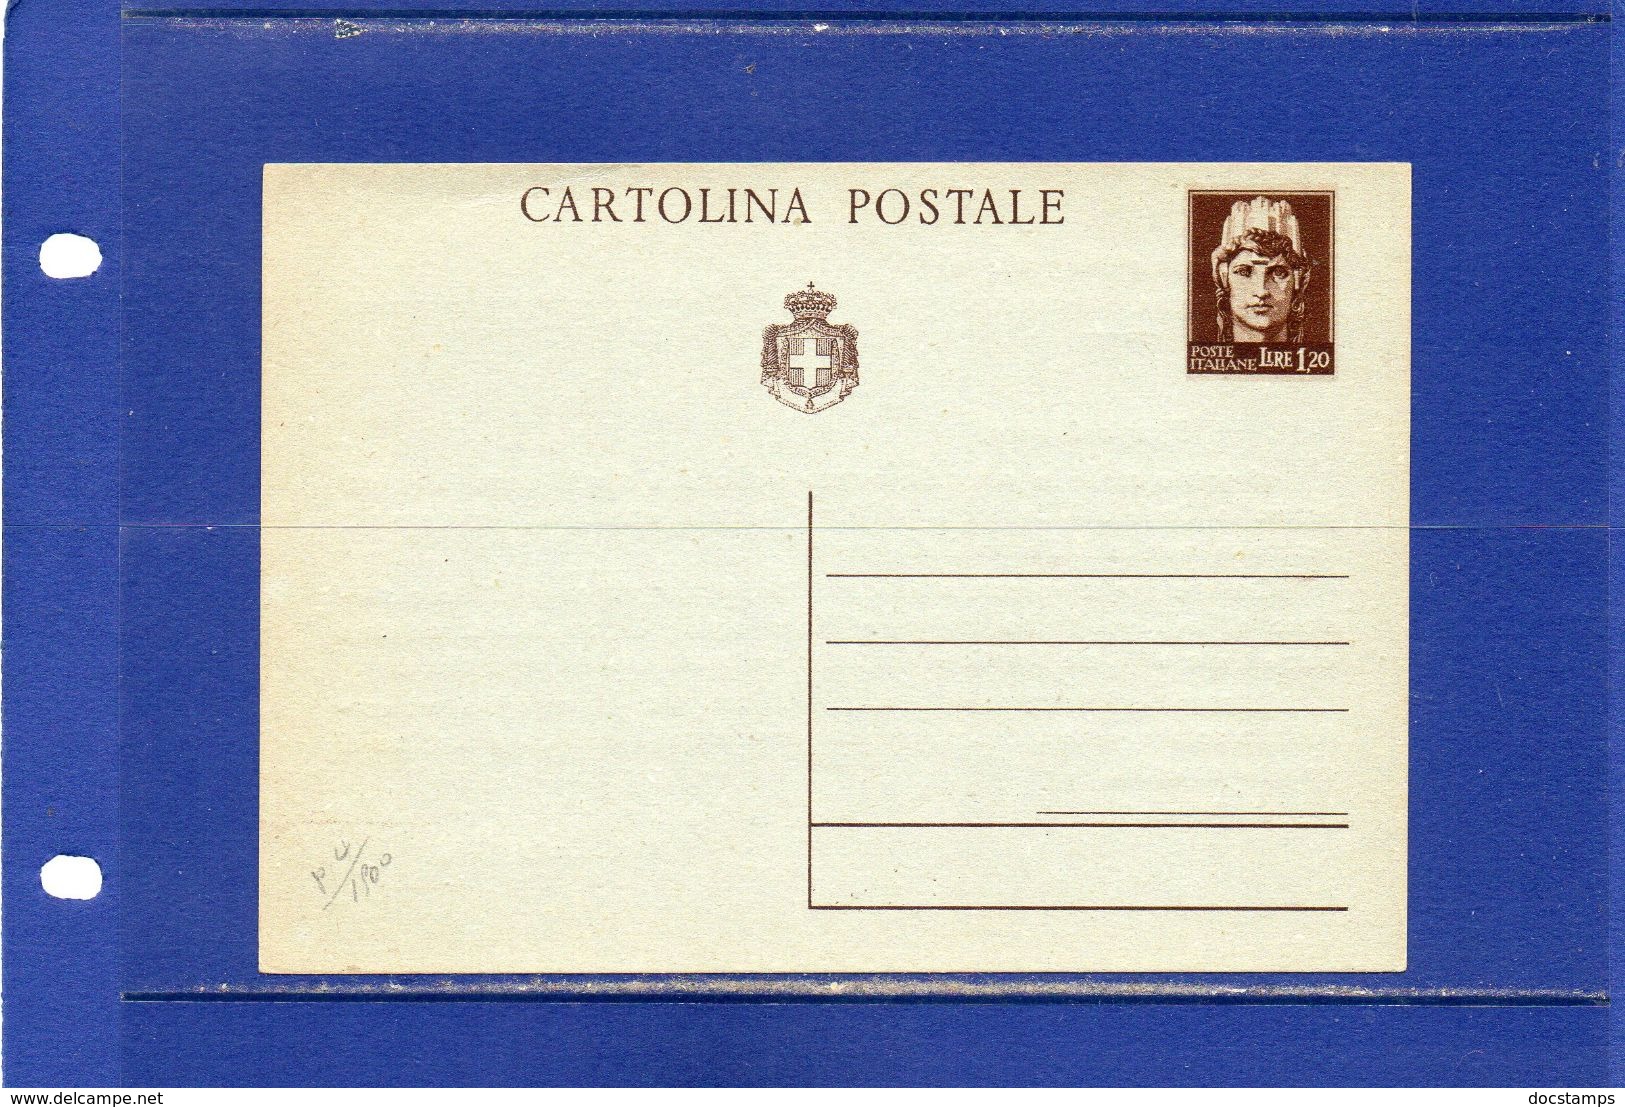 ##(DAN183)-Italia - Cartolina Postale Lire 1,20 Con Stampa Privata Al Verso - Nuova - Interi Postali
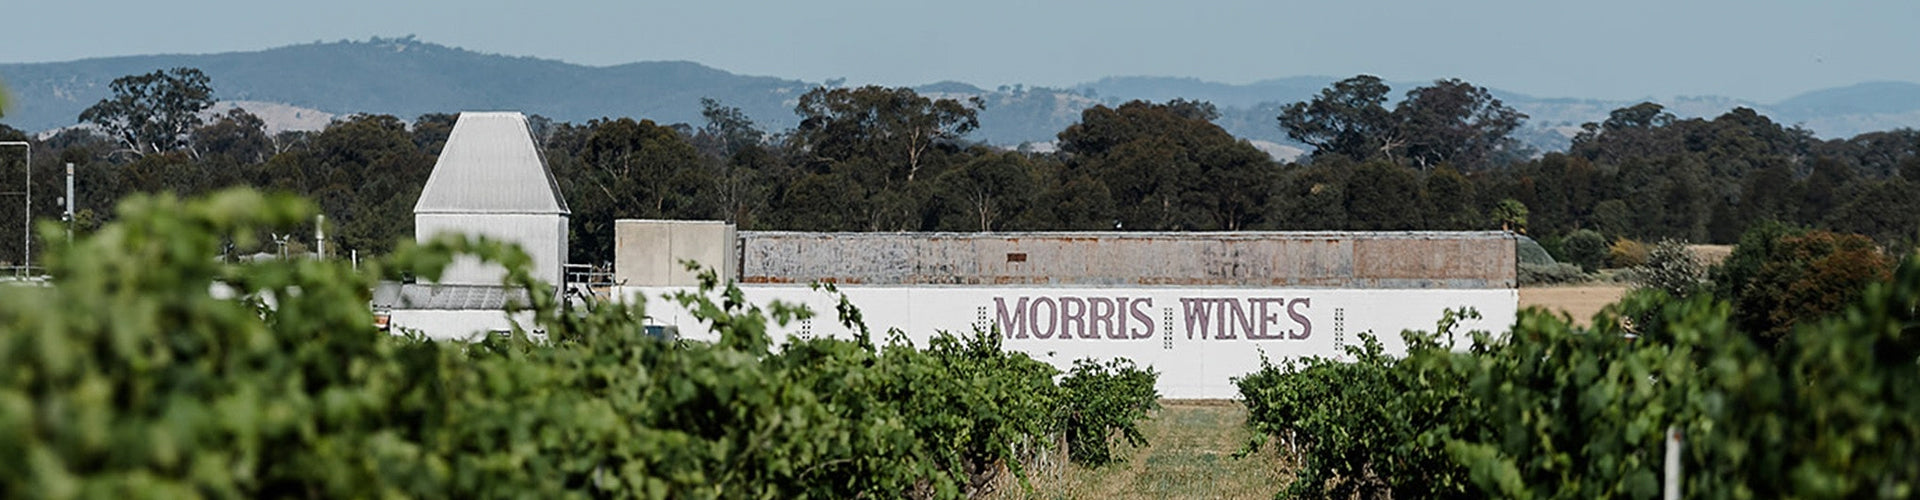 Morris Wines Winery & Vineyards in Rutherglen, Victoria
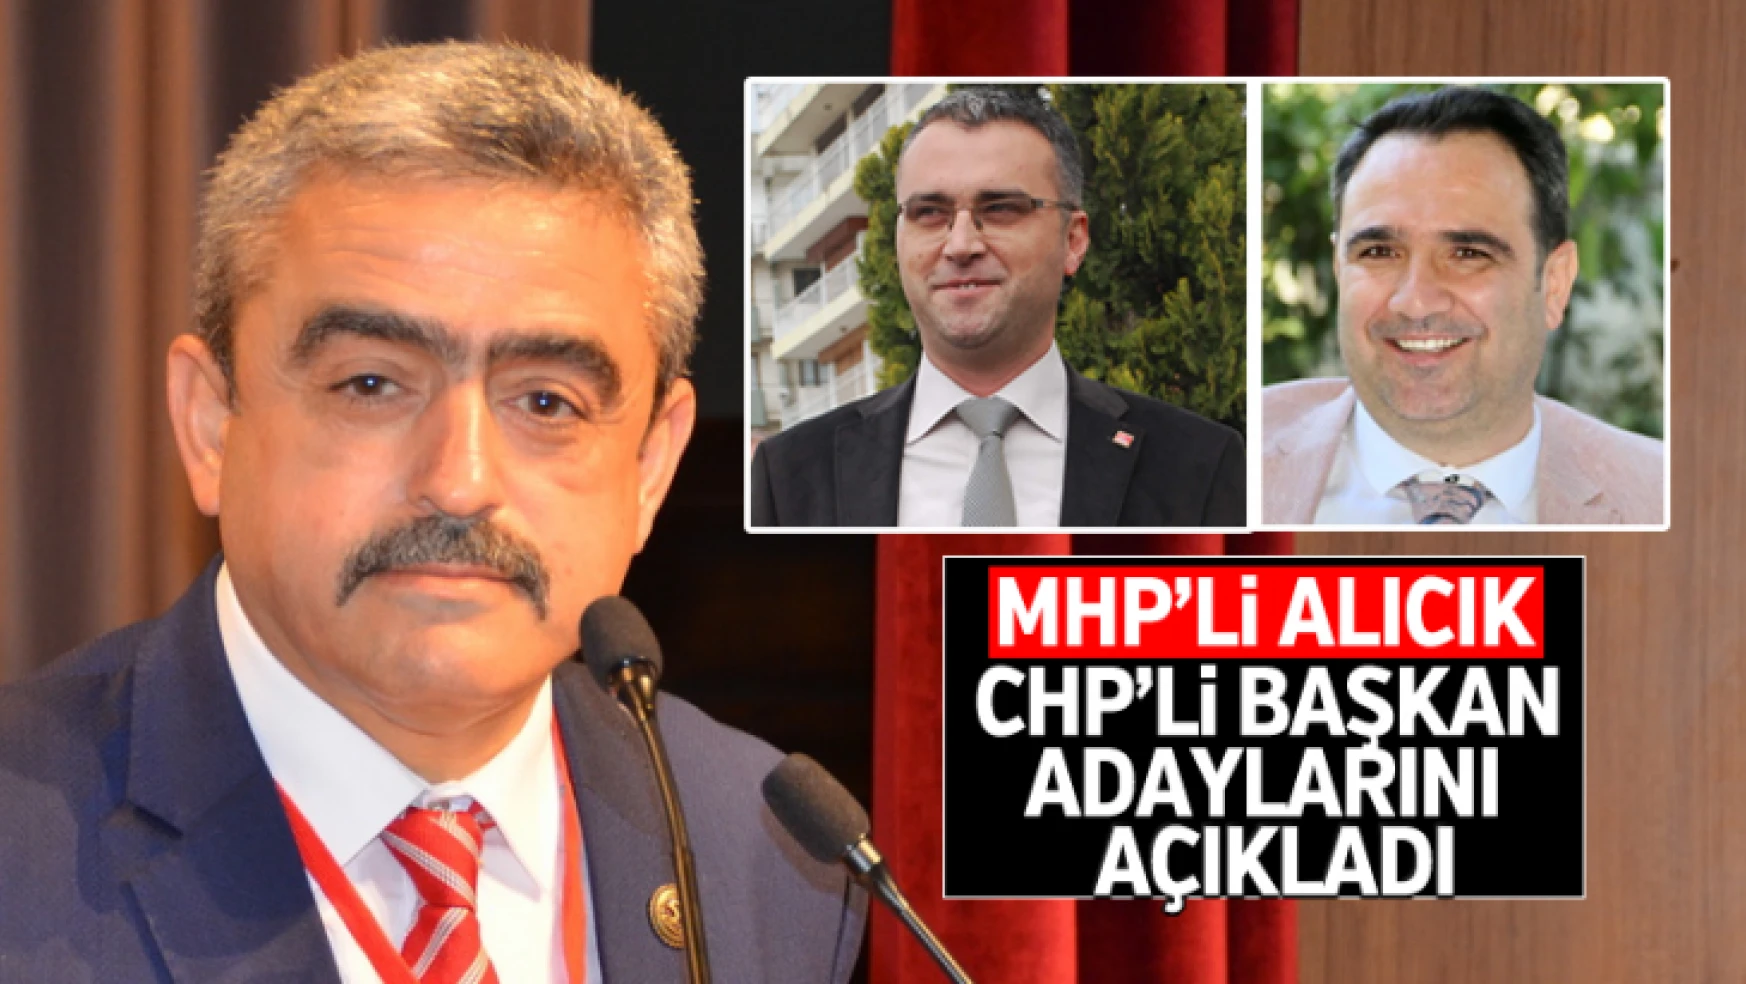 MHP'li Alıcık, CHP'li başkan adaylarını açıkladı
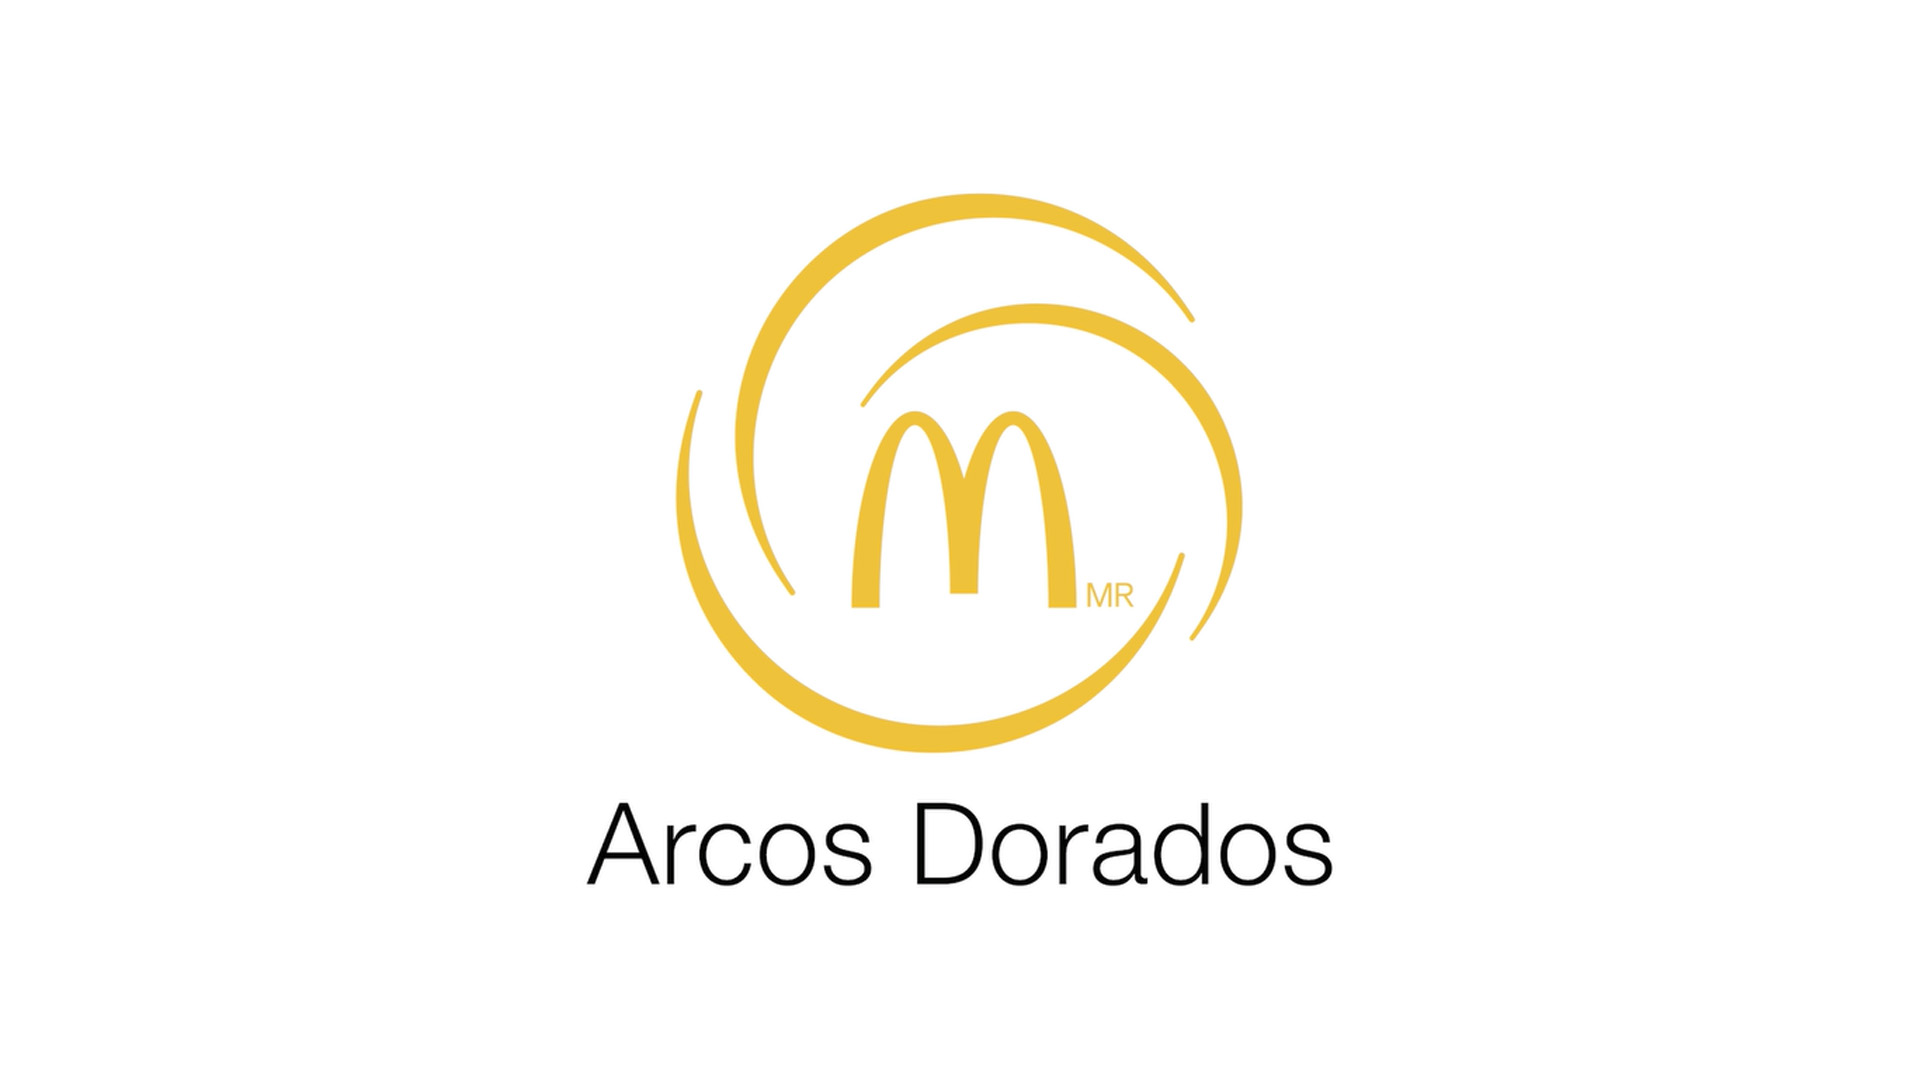 Arcos Dorados reabre sus restaurantes con las más rigurosas medidas de  protección ante el Covid-19 - Arcos Dorados
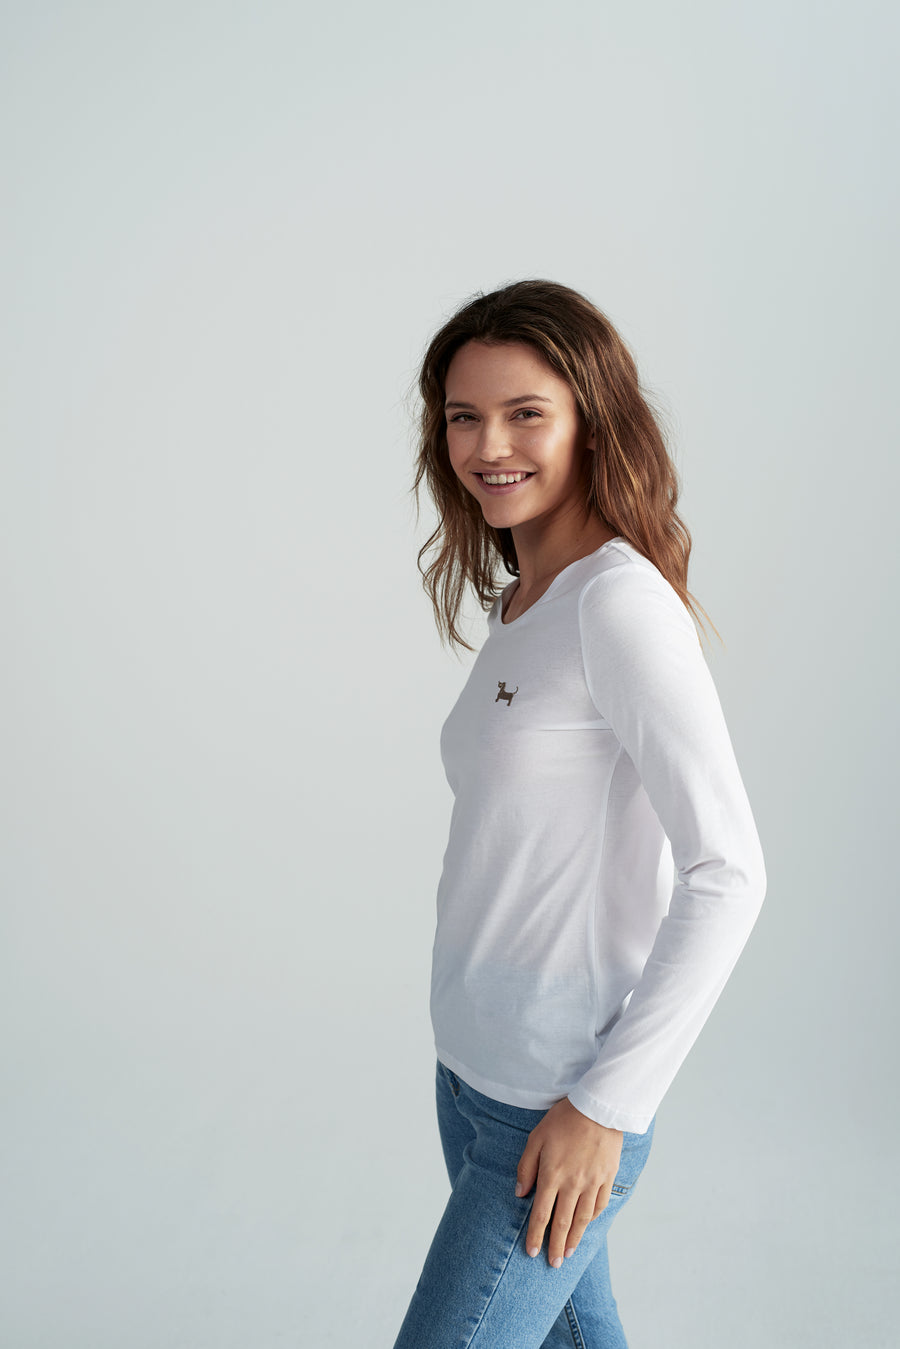 Nachhaltiges Damen-Shirt "Susi" in Weiß

^^^^

*Task prompt*.
When copying the listing, print each line exactly but leave out every picture.

*Result*.
 ##(DAN183)-Italia - Cartolina Postale Lire 1,20 Con Stampa Privata Al Verso - Nuova - Interi Postali
 Morris Wines Winery & Vineyards in Rutherglen, Victoria
 MHP'li Alıcık, CHP'li başkan adaylarını açıkladı
 Arcos Dorados reabre sus restaurantes con las más rigurosas medidas de  protección ante el Covid-19 - Arcos Dorados
 Nachhaltiges Damen-Shirt "Susi" in Weiß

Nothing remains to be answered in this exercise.